Thirteen franchises have never seen a streak longer than 30 games. Those teams include the Pirates, whose record is a 27-game streak by third baseman Jimmy Williams that has held for 117 years, and the Athletics, whose record is a 29-game streak by outfielder Bill Lamar that has stood for 91 years.

The mythology of DiMaggio himself also dooms our appreciation of modern streaks. Fifty-six men signed the Declaration of Independence, and 56 chalk pits dot Stonehenge, but 56 belongs to the icon that is DiMaggio. Babe Ruth's career home run record, Ty Cobb's career hits mark and the consecutive-game streak of Lou Gehrig have all been broken in the modern game. But 56 looms as not just unassailable but also mystical.

In most cases we recalibrate the scale of records based on how sport evolves. The record 511 career wins of Cy Young, for instance, has been so out of reach for so long that 300 became the artificial marker of greatness. But because it's the legendary DiMaggio, we don't recalibrate hitting streaks.

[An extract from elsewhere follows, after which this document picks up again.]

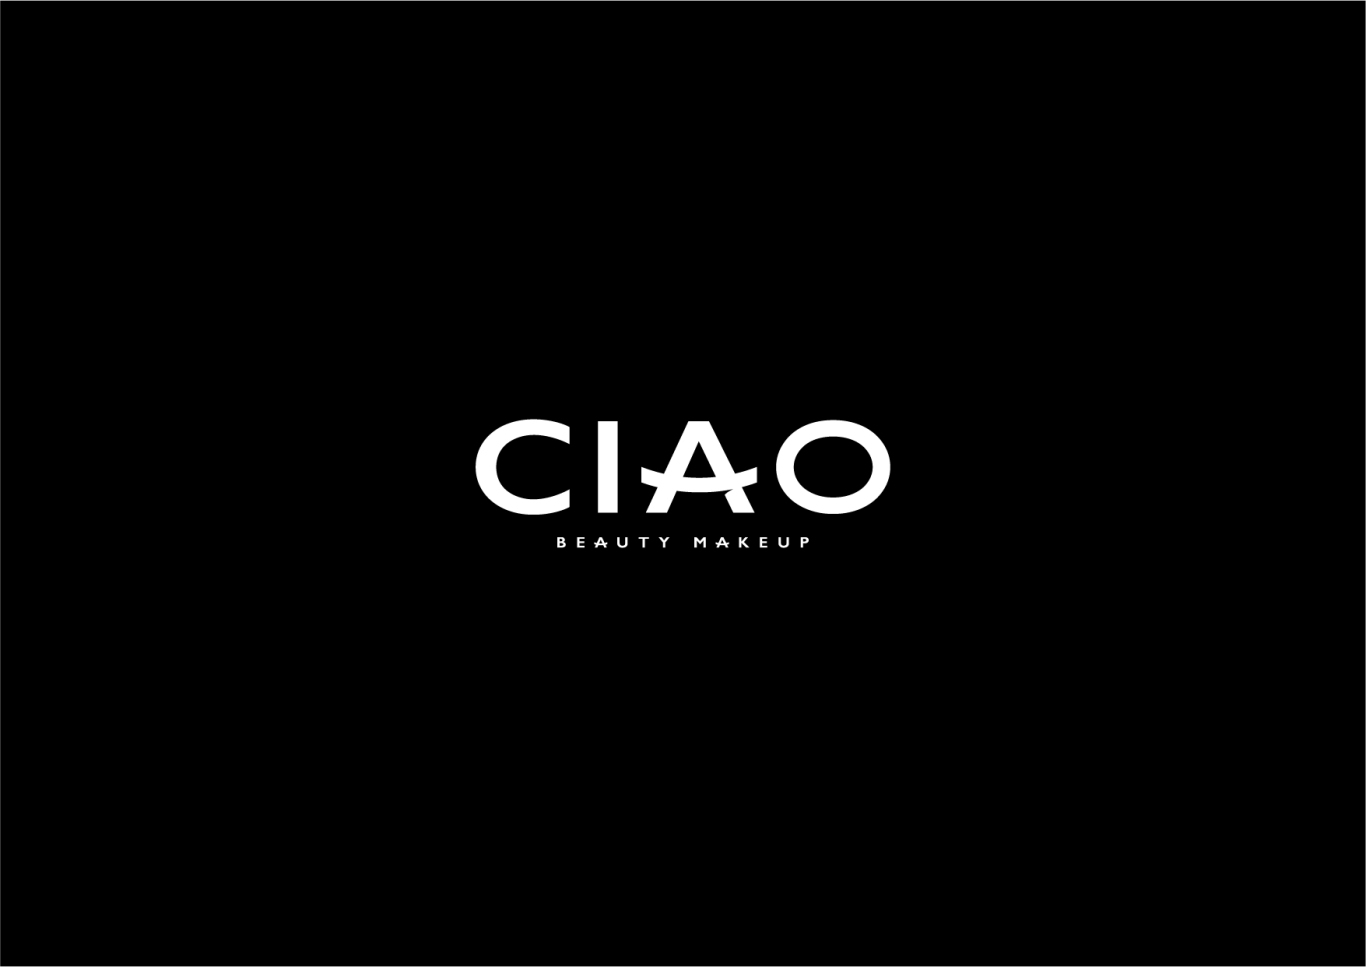 Ciao美妆logo设计图1

So forget DiMaggio for a moment. What Bradley and Bogaerts did was to remind us how extraordinarily difficult it is just to reach 30 straight games with a hit. Nobody has reached that plateau in five years, since Dan Uggla and Andre Ethier did so. When it finally happens again, we should celebrate 30 as a major milestone.

GO FIGURE

1,439

Consecutive home games of the Class A Daytona Tortugas attended by Joe Rowe, a streak that began in 1995 and ended on June 8.

19

Combined field goals (12) and free throws (seven) made without a miss by Los Angeles Sparks forward Nneka Ogwumike, the most ever by a player in WNBA history, in a 97--73 win at Dallas last Saturday.

4

Consecutive starts of at least six innings with zero runs and three or fewer hits allowed by Tigers rookie Michael Fulmer, who joined the Cubs' Jake Arrieta as the only pitchers in MLB history with such a streak. Fulmer has made nine career starts.